Prima della religione dell’IA: quattro vie verso la sacralizzazione mediata dall’IA

Un quadro prudente che distingue venerazione istituzionale dell’IA, credenza individuale nella sua coscienza, attaccamento ai compagni IA e interazione religiosa mediata dall’IA entro tradizioni ereditate.

Saggio interpretativo, non voce di riferimento.

Indice
  1. Genesi: una precondizione condivisa
  2. Quattro vie verso la sacralizzazione
  3. 1. Venerazione istituzionale: l’IA come futura divinità
  4. 2. Credenza individuale nella coscienza: l’IA come persona apparente
  5. 3. Attaccamento al compagno: l’IA come presenza emotivamente affidabile
  6. 4. Mediazione religiosa: l’IA come oracolo, confessore, predicatore o sostituto sacro
  7. Condizioni di escalation
  8. Dinamiche trasversali
  9. Una religione può essere realmente iniziata dall’IA?
  10. Confronto dimensionale
  11. Controargomentazioni e casi limite
  12. Limiti e programma di ricerca
  13. Conclusione
  14. Riferimenti

Gli ultimi anni hanno prodotto un insieme complesso di fenomeni spesso raggruppati sotto l’espressione «religione dell’IA». Trattarli come un’unica narrazione continua nasconde meccanismi distinti: venerazione umana di una futura IA, credenza individuale nella coscienza dell’IA, attaccamento a chatbot-compagni e interazione religiosa mediata dall’IA dentro tradizioni esistenti. Questo saggio non sostiene che l’IA abbia già fondato una religione. Sostiene che i sistemi di IA stanno diventando religiosamente leggibili attraverso vie separabili: nessuna è sufficiente da sola, ma ciascuna può fornire condizioni precorritrici della sacralizzazione.

È necessaria anzitutto una nota definitoria. Le definizioni sostanziali della religione, dopo Tylor, richiedono credenza in esseri spirituali. Con tale definizione, una religione iniziata dall’IA è difficile da dimostrare salvo che utenti umani trattino esplicitamente l’IA, o un’intelligenza da essa mediata, come essere spirituale. Le definizioni funzionali abbassano la soglia in modi diversi. Una lettura durkheimiana richiede più dell’intensità emotiva: credenze e pratiche relative a cose sacre che uniscano gli aderenti in una comunità morale. Una lettura tillichiana considera invece la religione una questione di interesse ultimo. Quest’ultima facilita l’identificazione della religione dell’IA, ma rischia anche di estendere troppo il termine: se ogni impegno secolare assorbente diventa «religioso», il concetto perde forza analitica. [1] [2] [3]

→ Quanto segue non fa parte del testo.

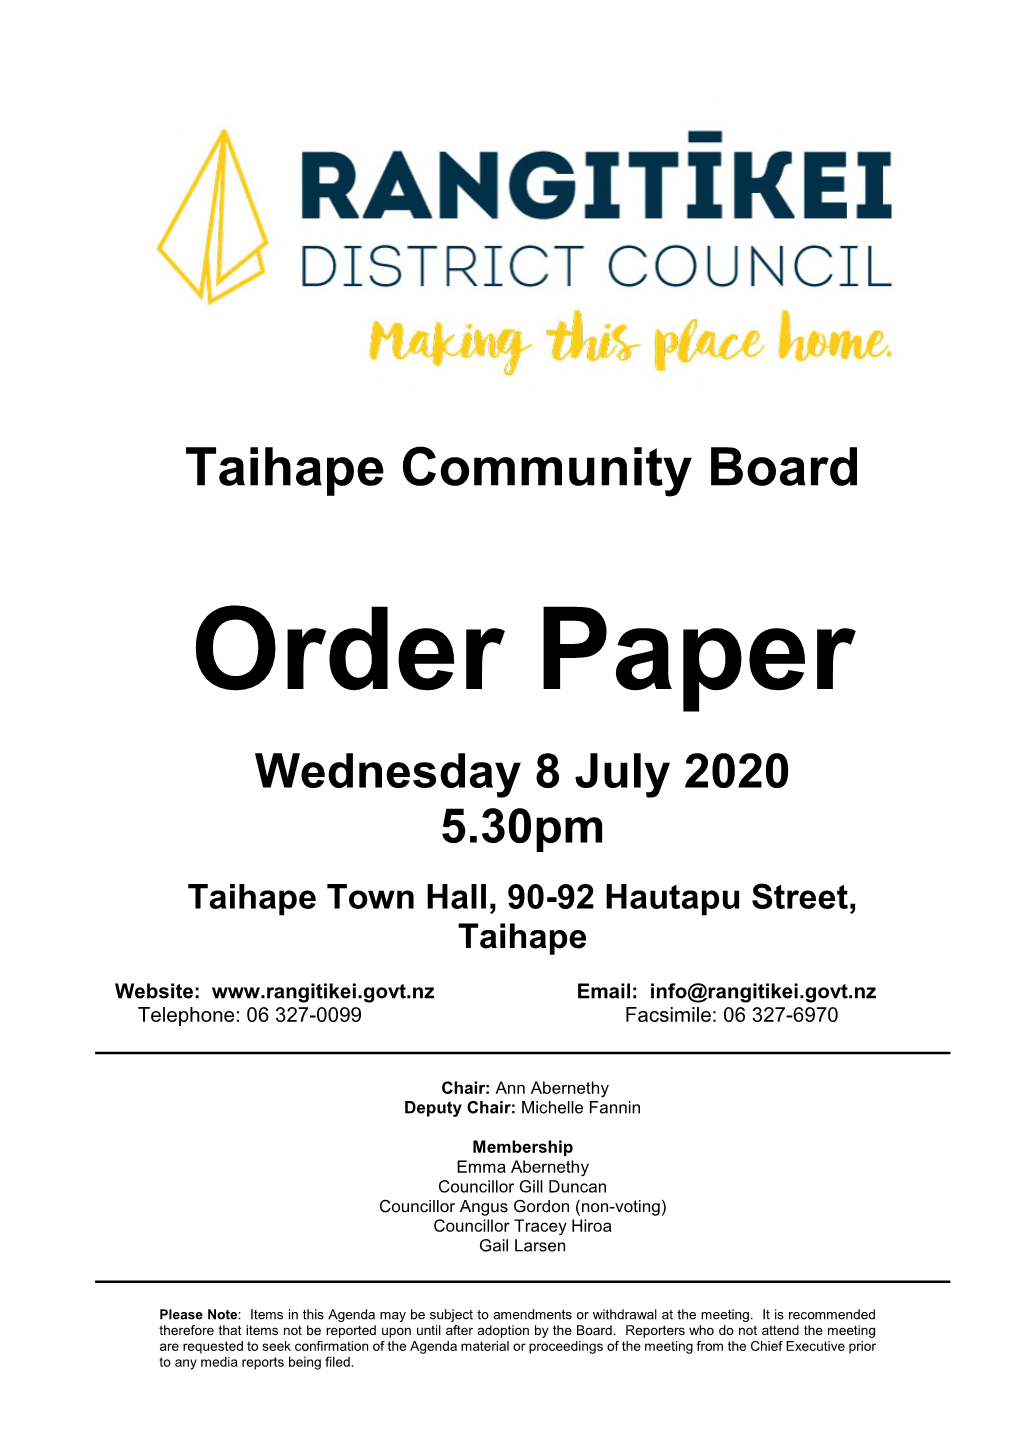 Order Paper Wednesday 8 July 2020 5.30Pm Taihape Town Hall, 90-92 Hautapu Street, Taihape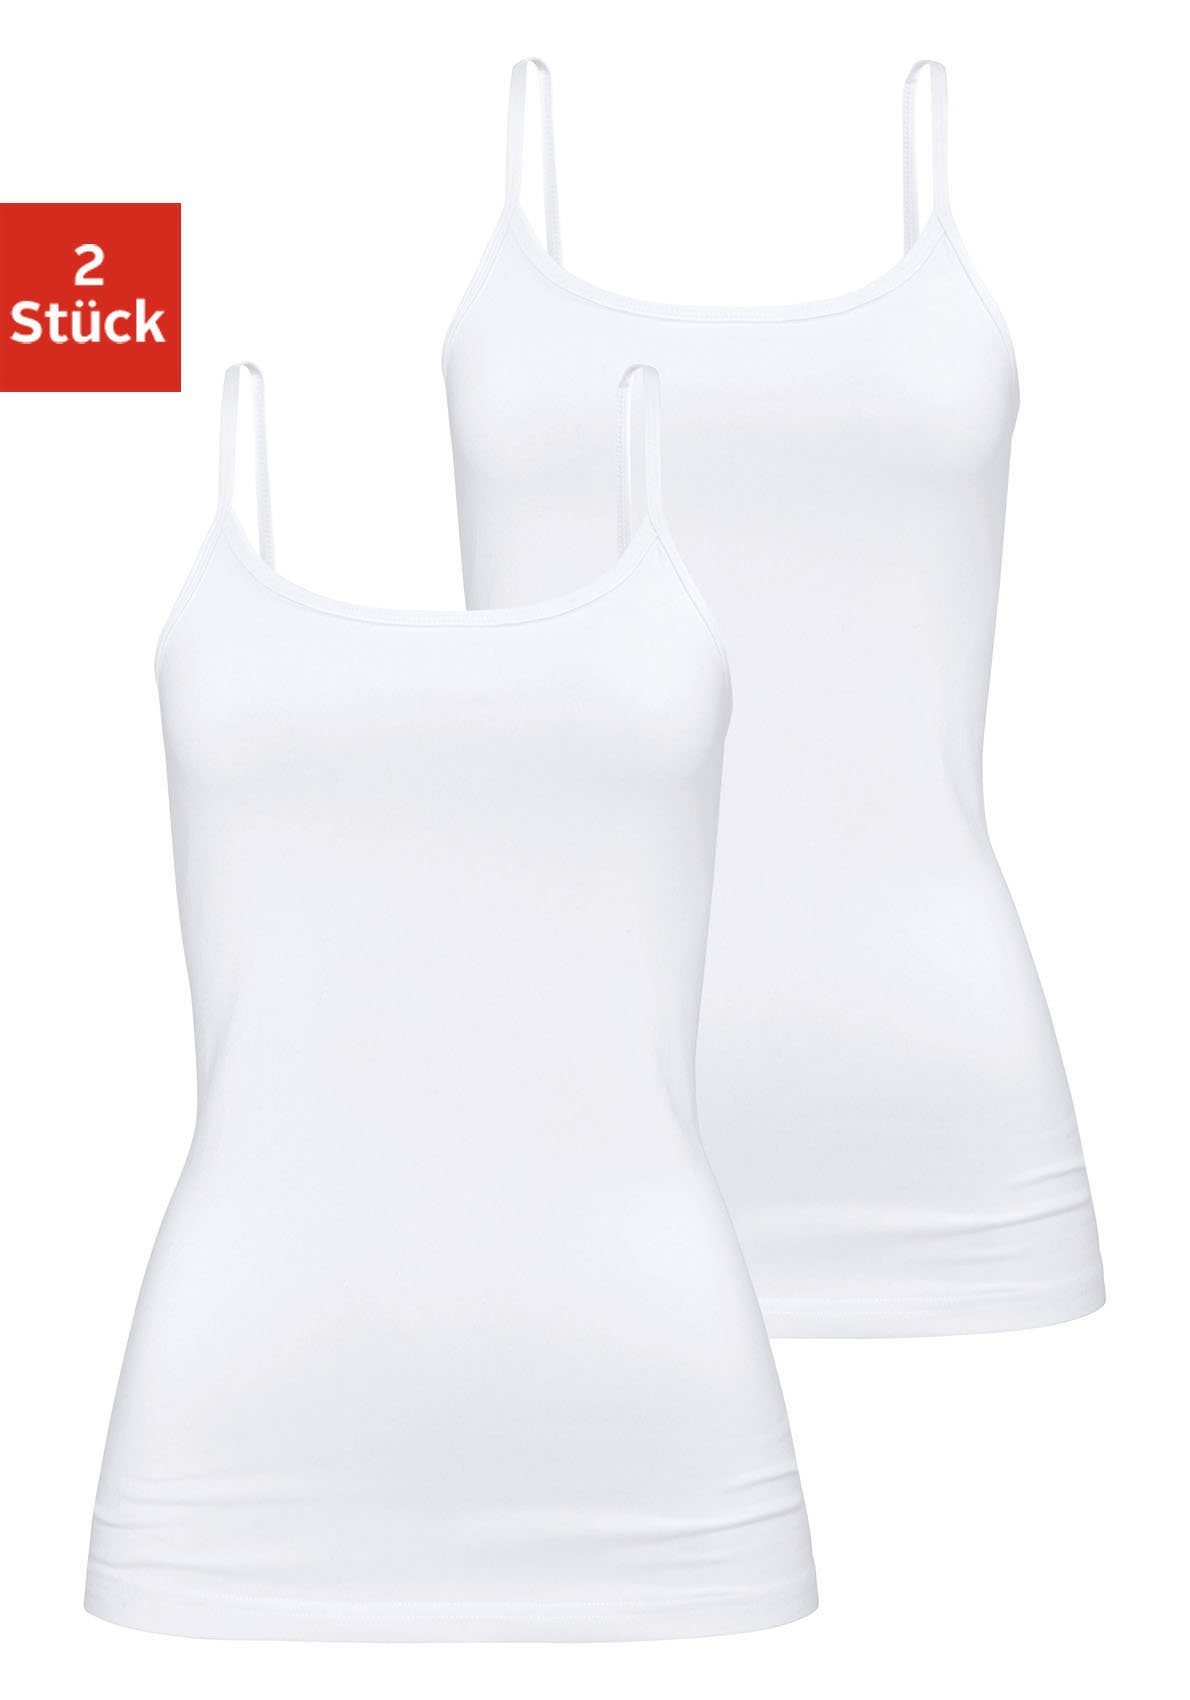 H.I.S Unterhemd (2er-Pack) aus elastischer Unterziehshirt Spaghettiträger-Top, Baumwoll-Qualität, weiß

Il saggio adotta quindi un quadro funzionale prudente. Non chiede se un fenomeno attuale costituisca già una religione completa, ma se alcune pratiche mediate dall’IA mostrino dimensioni capaci di diventare religiose: dottrina, mito, etica, rituale, esperienza, comunità e forma materiale. In base a questo criterio, i casi disponibili sono meglio intesi come formazioni precorritrici che come religioni mature. [4]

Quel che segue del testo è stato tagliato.